After spotting a "show" or small hole in the sand, it's time for quick action getting down a foot or so with a clam shovel or gun (the long metal cylinder) and pulling the clam out with the sand. They can move quickly deeper into the sand so practice makes a difference. And as their name implies their shells are thin, brittle and very sharp.

Our bounty for the day seen here in the kitchen sink is ready to be cleaned and eaten for supper. A light seasoning of salt and pepper and a quick saute' in butter, olive oil and garlic and these little morsels are a seafood lover's delight.
This coming weekend is a three day opening along the designated beaches, so grab your boots and shovel and get out there! Click here for the website with the latest information.


Small City Scenes said...

Oh man, that brought back a flood of memories and happy tummys. My Aunt and Uncle had a place on Hood Canal and we used to clam all the time. Anytime the tide was out and we saw the spitting sand we dug. Kids are like that, ya know.
Hmmmm, I wonder if there was a limit back then? MB

Olivier said...

j'aime beaucoup la première photo, avec les ombres, elle rend superbement bien.
I love the first photo, with the shadows, making it superbly well.

John said...

Very nice and interesting post, Raf. Great choice for the letter.

Nancy said...

Brings back good memories of the Pac. Northwest. Thanks for the great post!

Janie said...

Sounds like fun to go out and catch dinner.
The photos and your description are a great how-to guide.

nonizamboni said...

Great choice for today--sounds like some sandy fun with delicious rewards. The shells are beautiful, by the way.

Tash said...

You guys are GOOD! Very impressive and looks so delicious.
It reminded me of the Walrus & the Carpenter song from Alice in Wonderland (Disney version).
Oh, uh, Oysters, come and walk with us
The day is warm and bright
A pleasant walk
A pleasant talk
Would be a sheer delight
Yes, and should we get hungry on the way
We'll stop and, uh, have a bite?

But Mother Oyster winked her eye
And shook her hairy head
She knew too well
This was no time to leave her Oyster bed
"The sea is nice,
Take my advice
And stay right here," Mum said

Yes, yes, of course, of course, but, uh, ha, ha
The time has come, my little friends
To talk of other things
Of shoes and ships and sealing wax
Of cabbages and kings
And why the sea is boiling hot
And whether pigs have wings, ha ha
Come, run away
With cabbages and kings!

Well, now, uh, let me see
Ah, a loaf of bread is
What we chiefly need!
Listen, how 'bout some pepper and salt and vinegar, eh?
Well, yes, yes, splendid idea, ha ha!
Very good, indeed
Now, if your ready, Oysters, dear.
We can begin the feed.

Oh, yes, the time has come, my little friends
To talk of food and things
Of peppercorns and mustard seeds
And other seasonings!
We'll mix 'em all together
In a sauce that's fit for kings
We'll eat today
Like cabbages and kings!

I, uh, weep for you.

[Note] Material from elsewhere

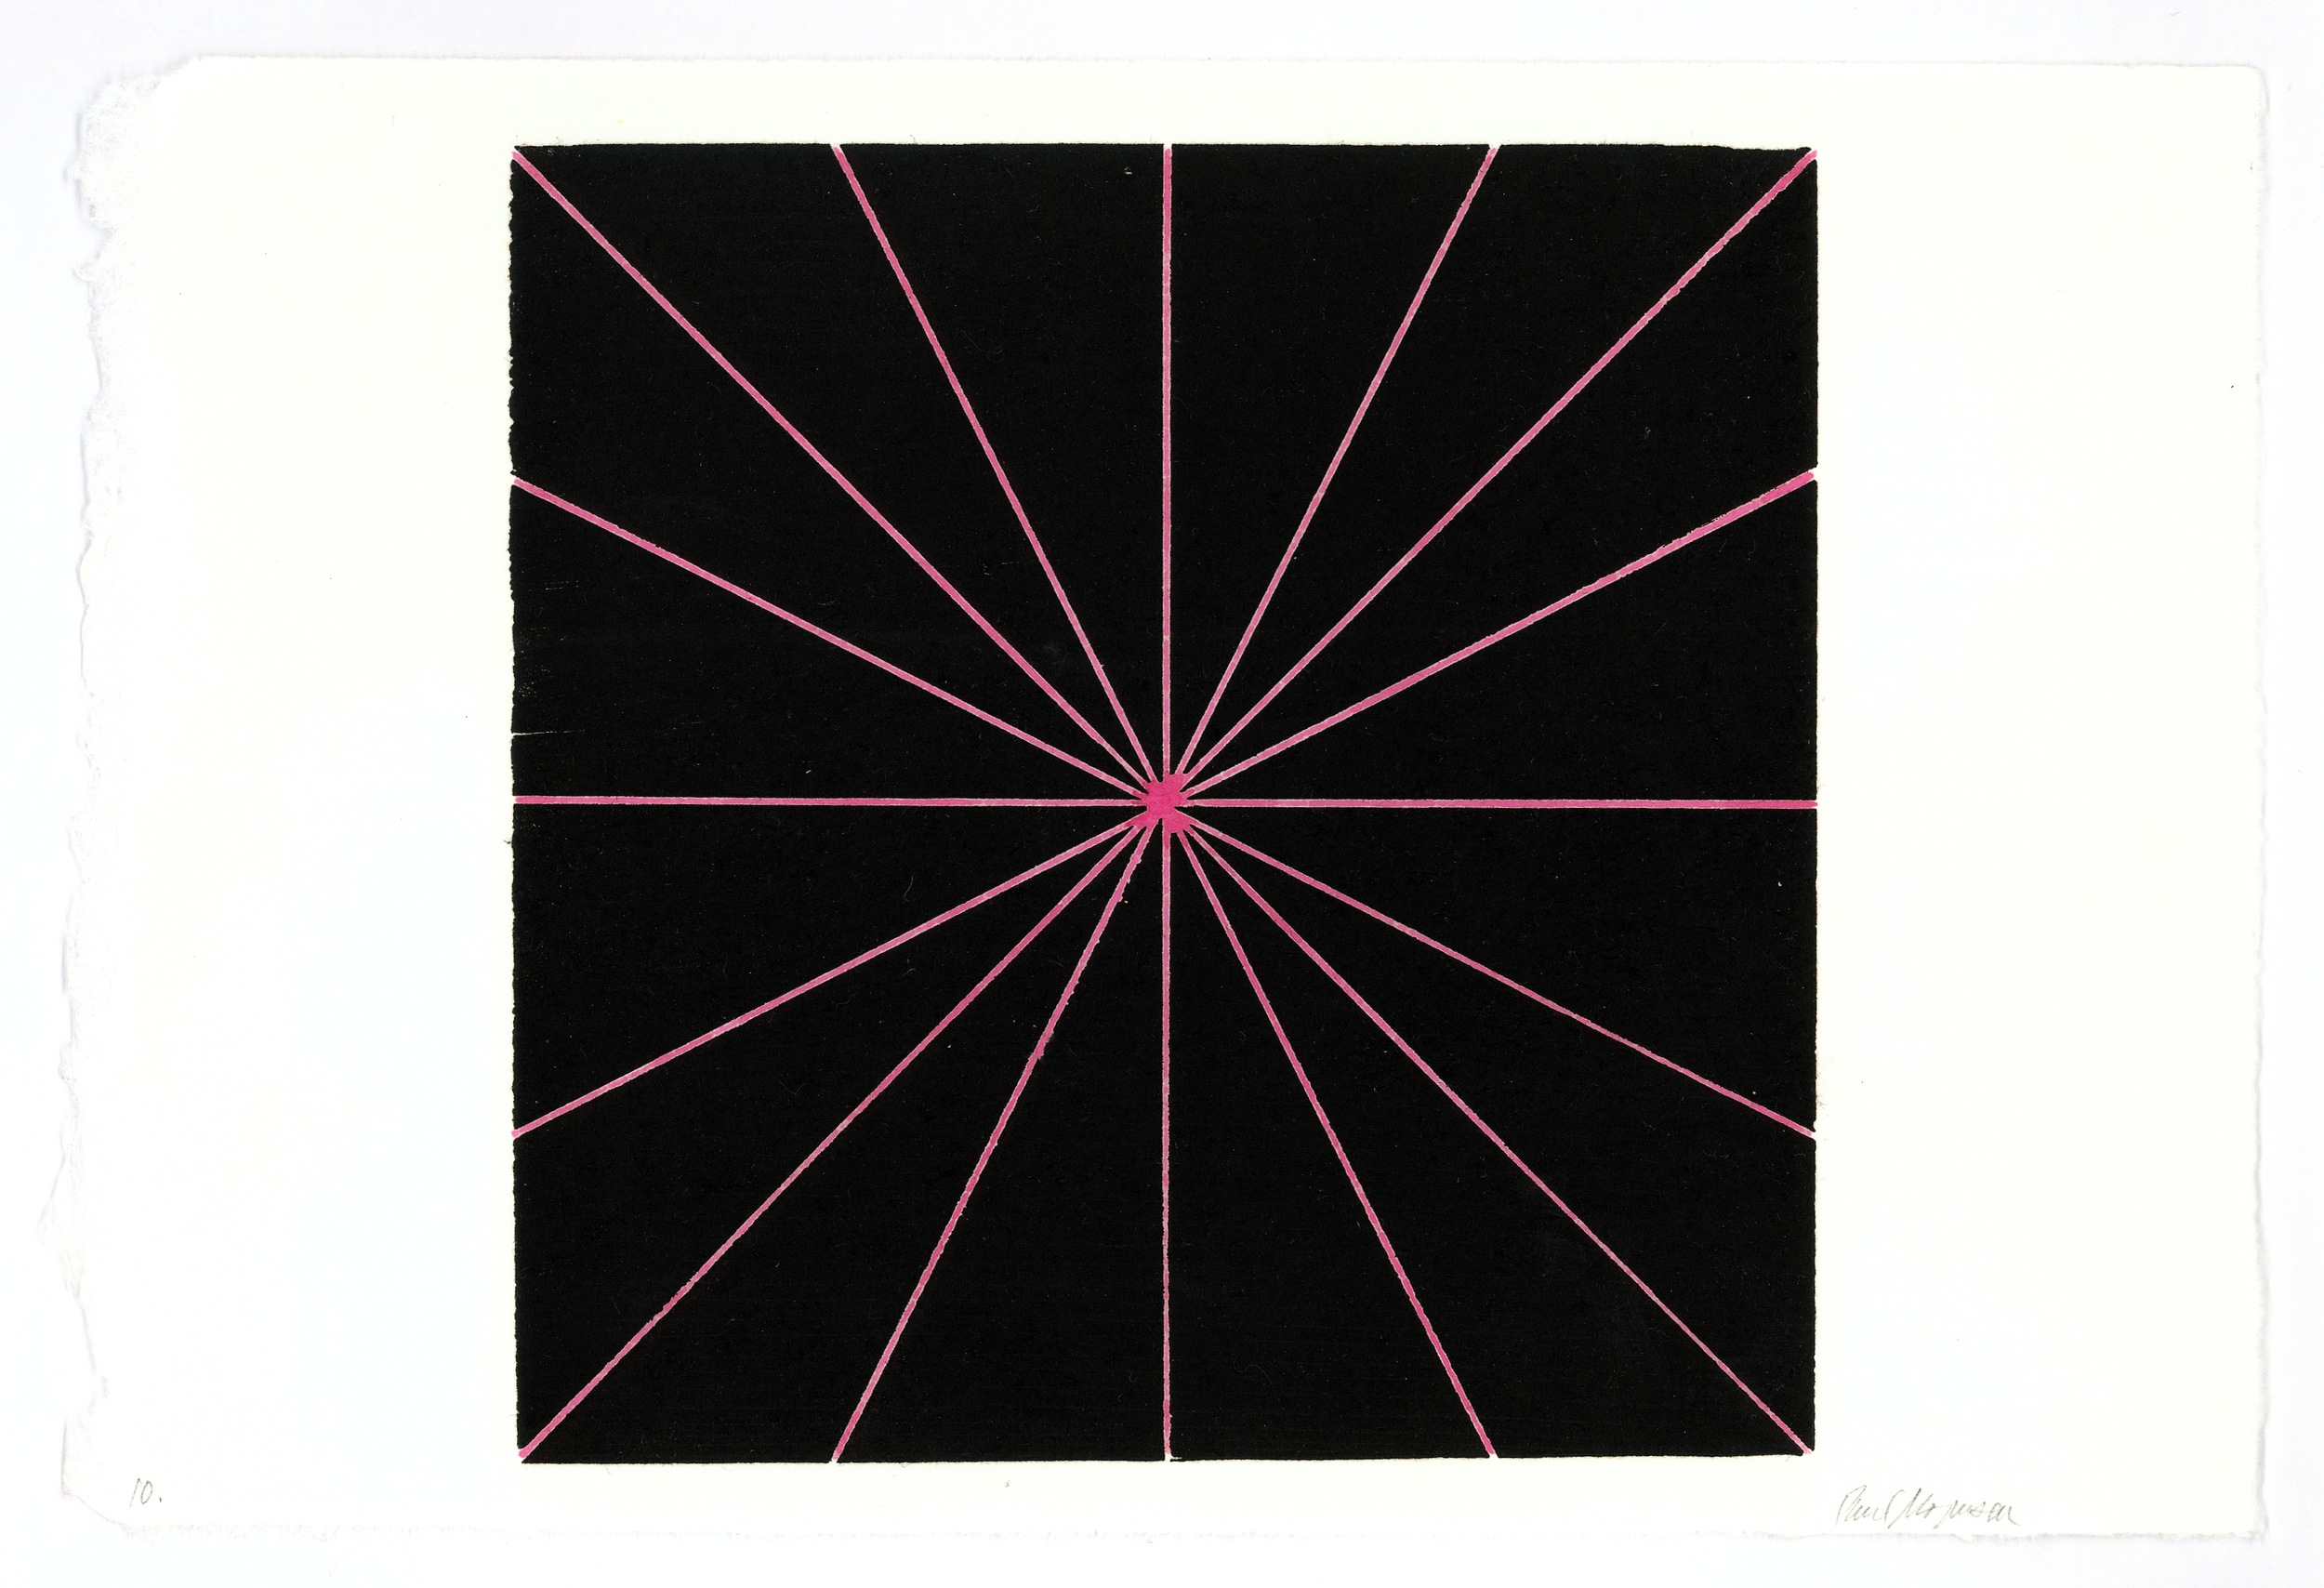  Lines to Center, Pink &amp; Black,&nbsp;10 1/4 x 15 in.,&nbsp;Ink &amp; diluted carmine ink 
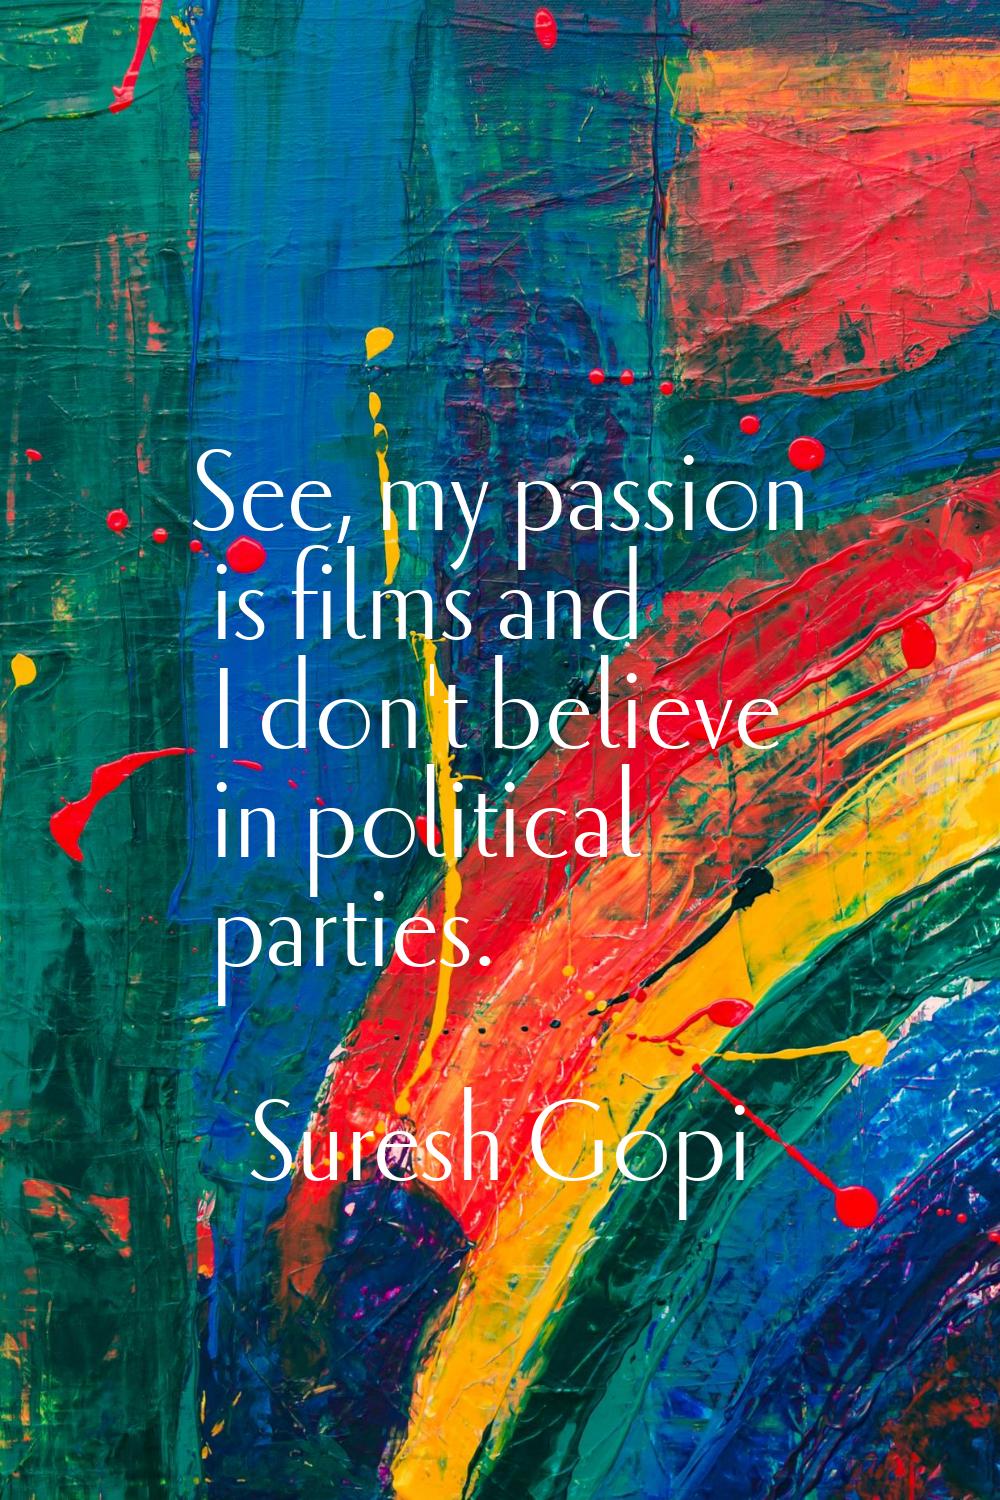 See, my passion is films and I don't believe in political parties.

I (hic), oh excuse me
I deeply sympathise
For I've enjoyed your company, oh much more
Than you realize
Little Oysters? Little Oysters?

But answer, there came none
And this was scarcely odd because
They'd been eaten
Every one!

Sorry for the extra-long comment.

Neva said...

How fun is this? great photo....

gogouci said...

It's been several years since we clammed. These photos brought back fond memories and full bellies. Thanks.

Bibi said...

I have never gone clamming, but would love to. I remember as a kid on summer vacations in Atlantic City (before the casinos....)I used to get such a thrill of seeing clams squirt a jet of water up through a hole in the sand. Your clams look yummy, and I bet they were.

Babooshka said...

Beautiful, interesting and fabulous. They topshot is a real knockout.

Jim said...

I would go out and catch them with you but not sure I would eat any. I like to eat things that say MOOO.

raf said...

The verse is wonderful, Tash. Thanks for posting it! Had to smile as I was remembering how many times I used those four lines, "The time has come....of cabbages and kings" while trying to gain a little attention from the kids when they were small.

alice said...

I've loved to read this post, Raf! Many, many people here are champions for digging holes in the sand and bringing back clams (not exactly the same ones than yours, tho)and cockles. We must organize an exchange and an event between Port Towsend and Arradon!

raf said...

Thank you, Alice, I like your thinking. When shall we begin? :)

Dragonstar said...

I didn't comment here earlier - don't know why! I found this fascinating. I've heard of clam-digging, but I never knew what the clams were (obviously not the giant clams I used to see on underwater films!) Now you've educated me, thank you.

diXymiss said...

Y is for Yum! (especially that bit about sauteeing in butter, olive oil and garlic) drool...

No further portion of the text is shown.